[RAW DATA]

- - -

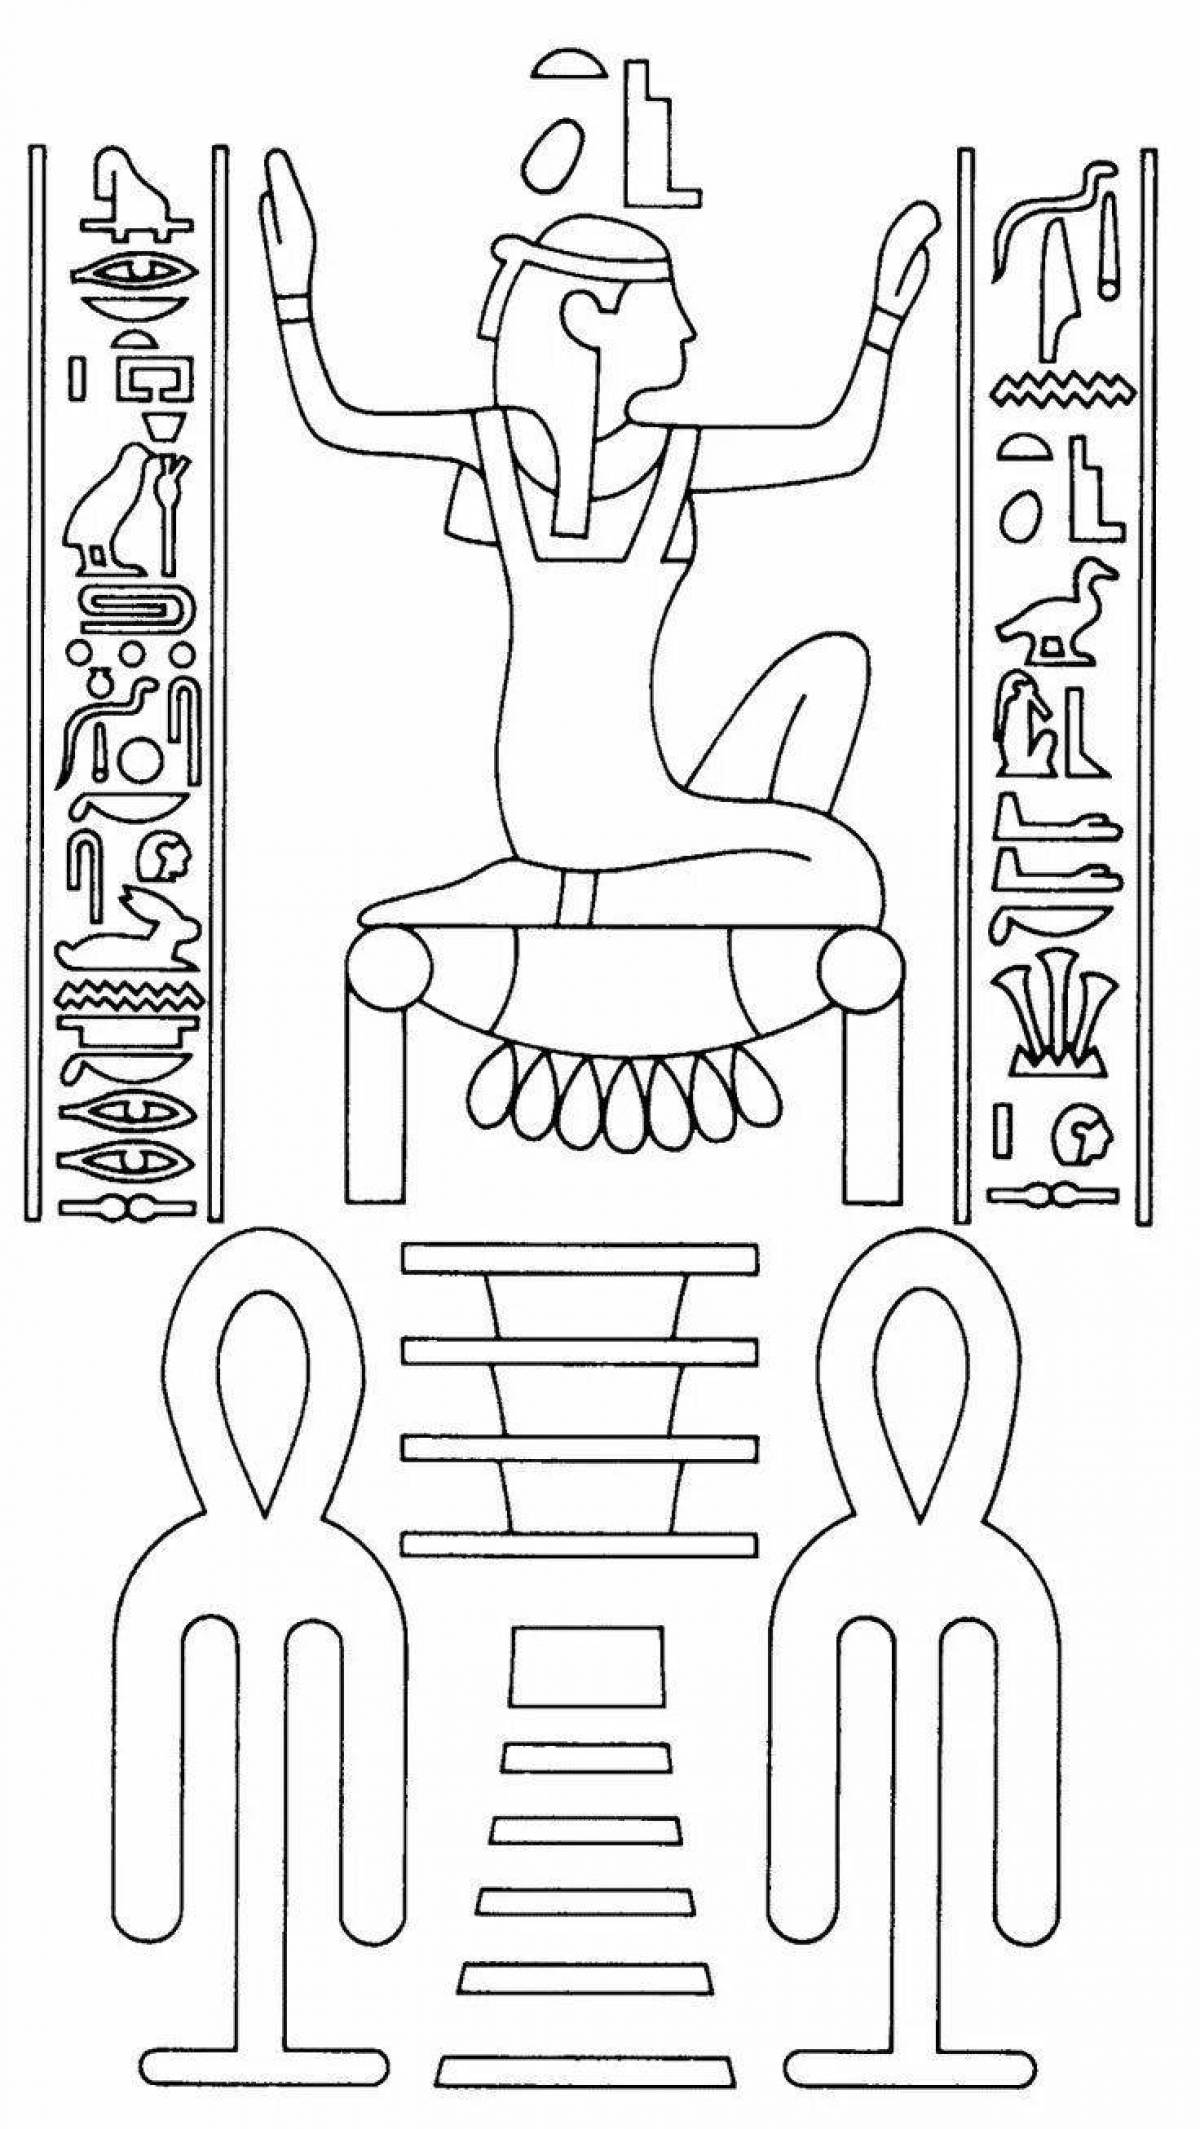 Impressive ancient egypt coloring book for kids
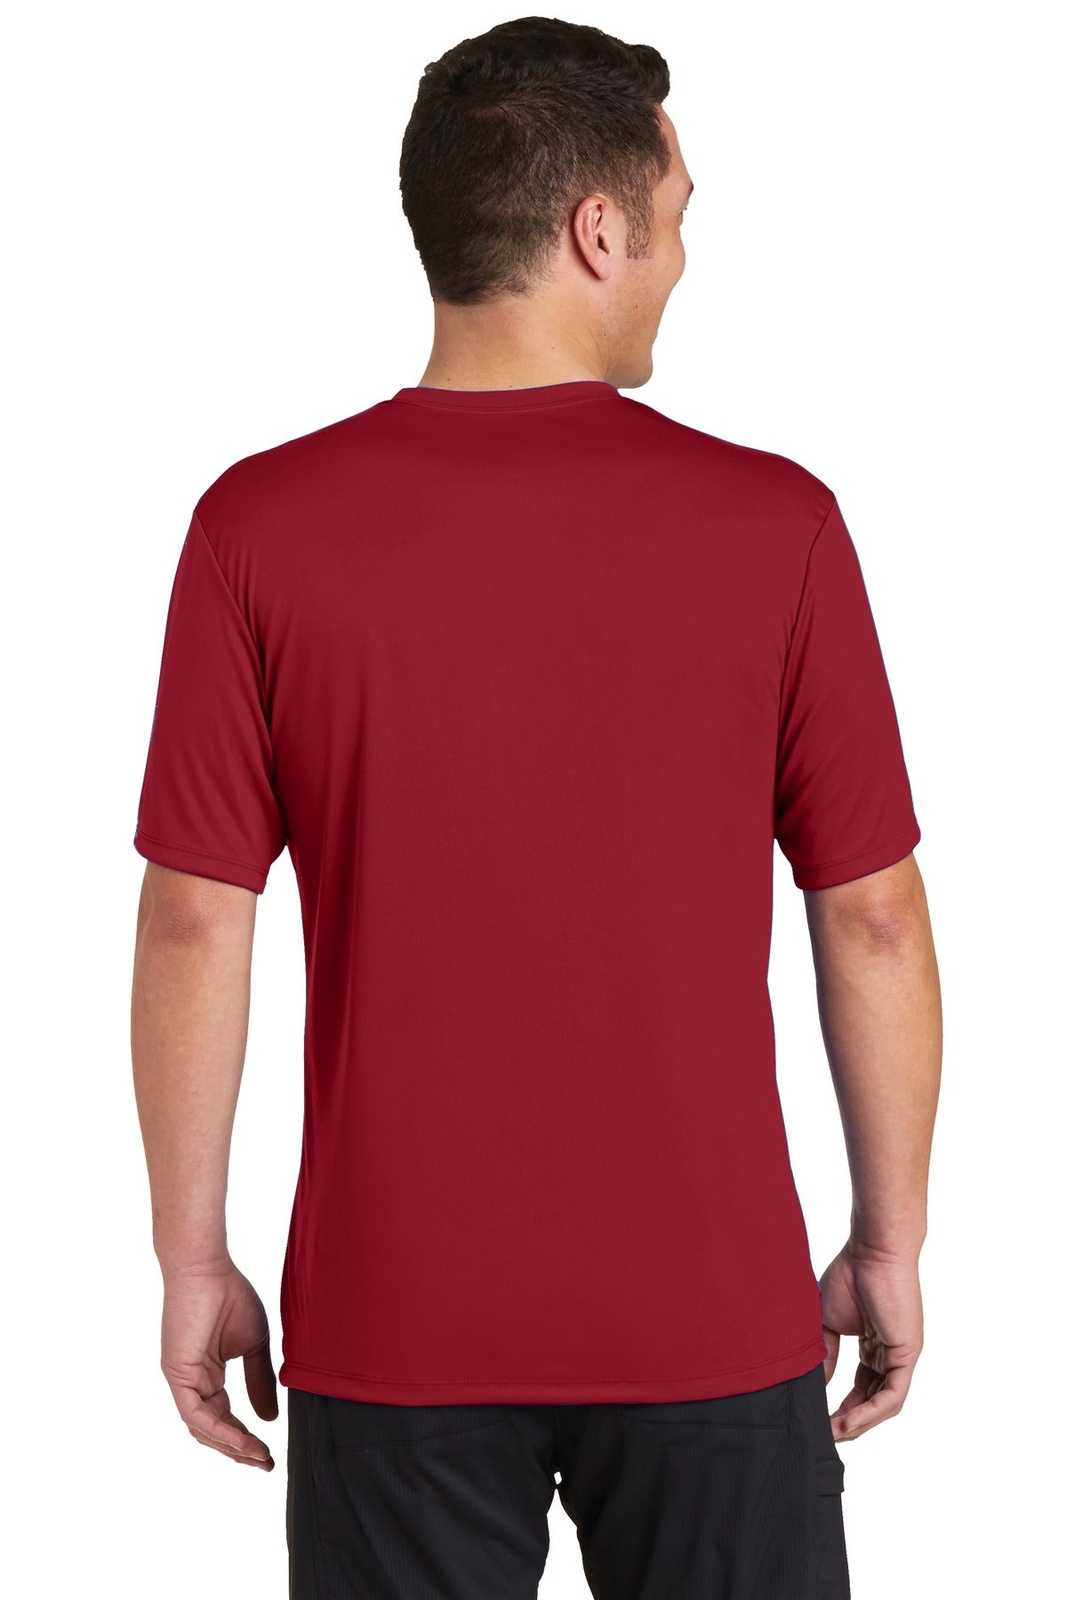 Hanes 4820 Cool Dri Performance T-Shirt - Deep Red - HIT a Double
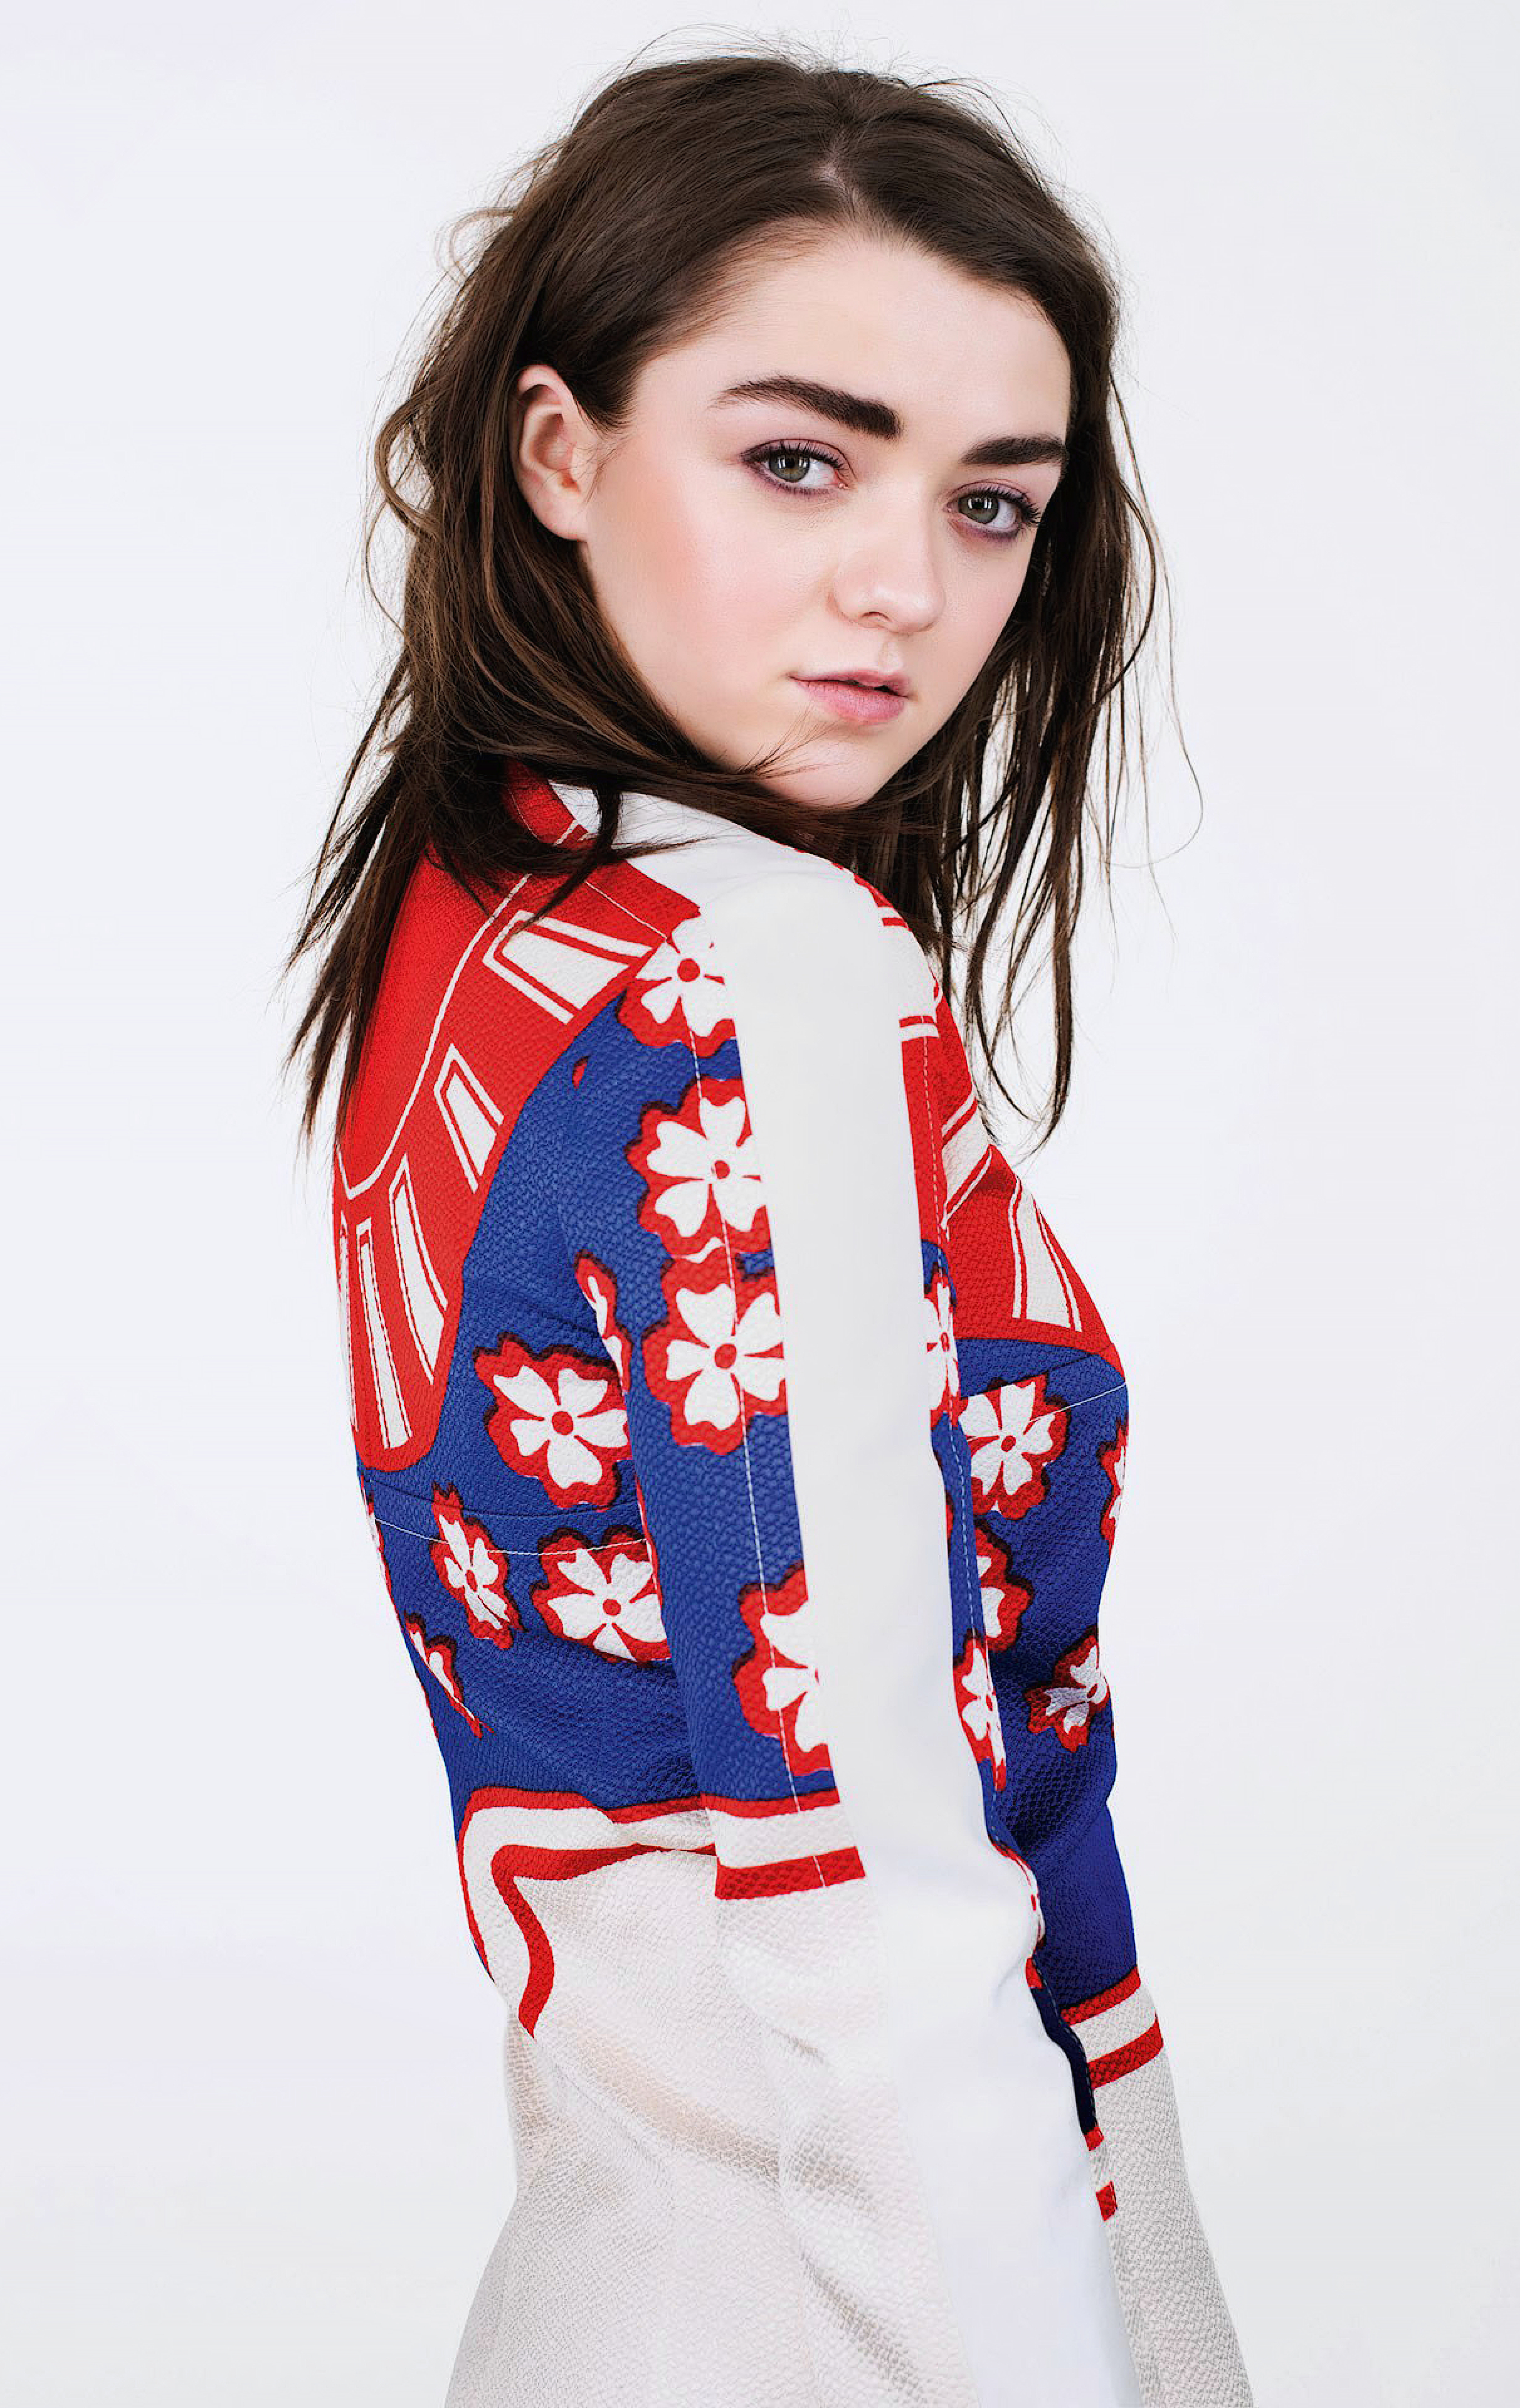 4620x7320 British Actress Maisie Williams 4620x7320 Resolution Wallpaper,  HD Celebrities 4K Wallpapers, Images, Photos and Background - Wallpapers Den
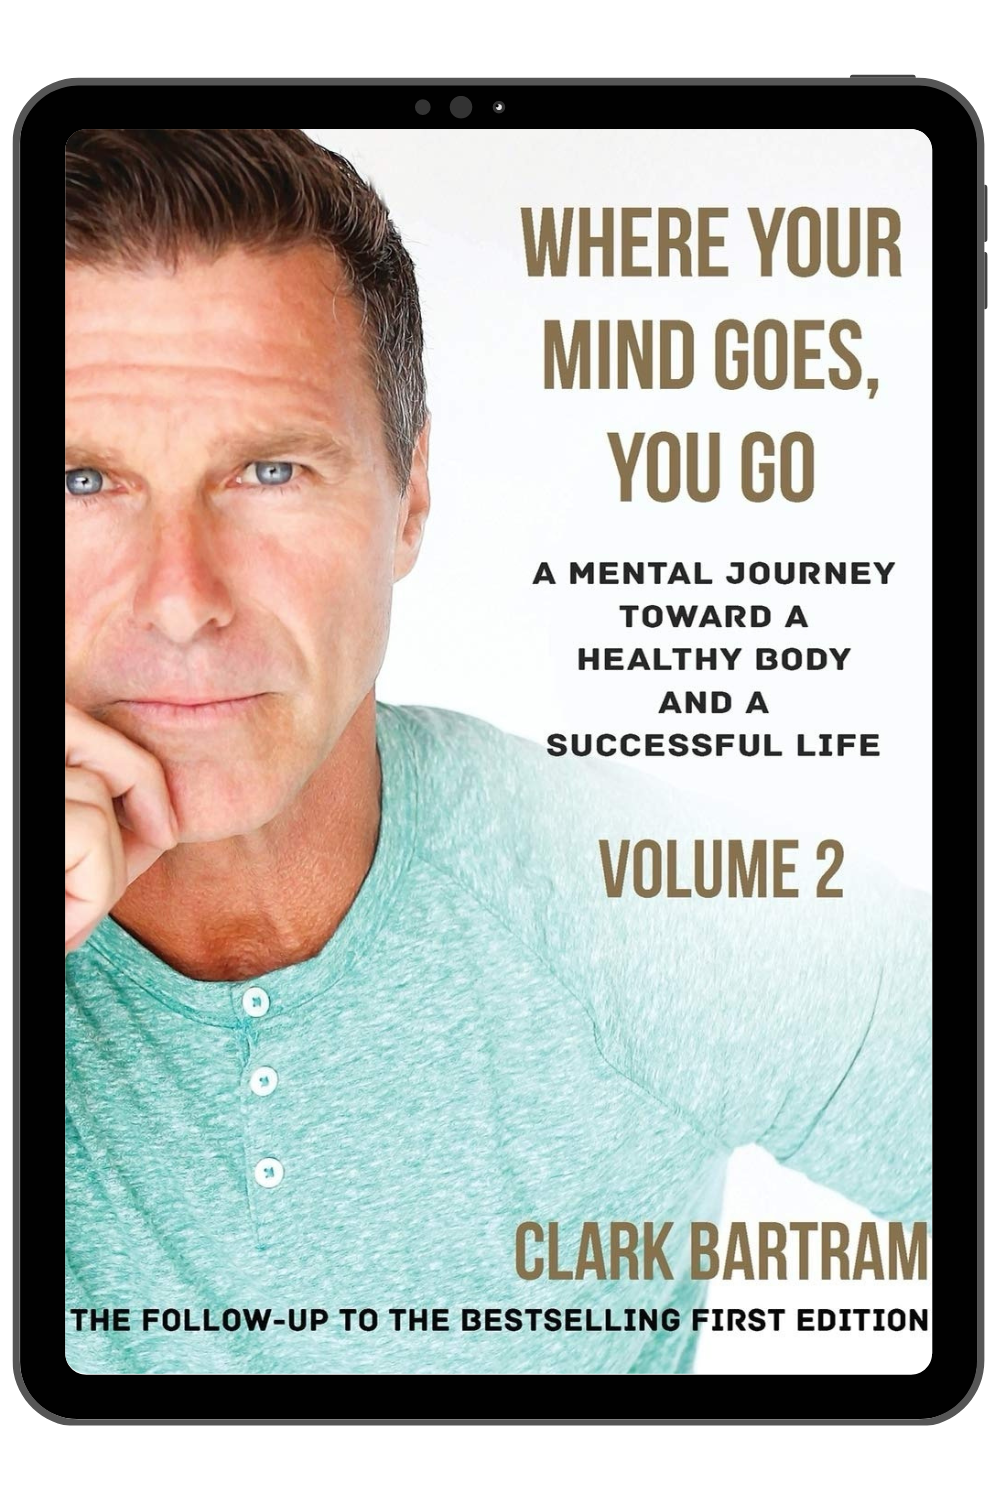 Where Your Mind Goes, You Go Vol. 2 - eBook by Clark Bartram

- - -

[YOUR GOAL]
Restate the material above word for word, so that nothing changes except that the pictures are gone.

[RESULT OF THIS TASK]
 Impressive ancient egypt coloring book for kids
 Hanes 4820 Cool Dri Performance T-Shirt - Deep Red - HIT a Double
 4620x7320 British Actress Maisie Williams 4620x7320 Resolution Wallpaper,  HD Celebrities 4K Wallpapers, Images, Photos and Background - Wallpapers Den
 Where Your Mind Goes, You Go Vol. 2 - eBook by Clark Bartram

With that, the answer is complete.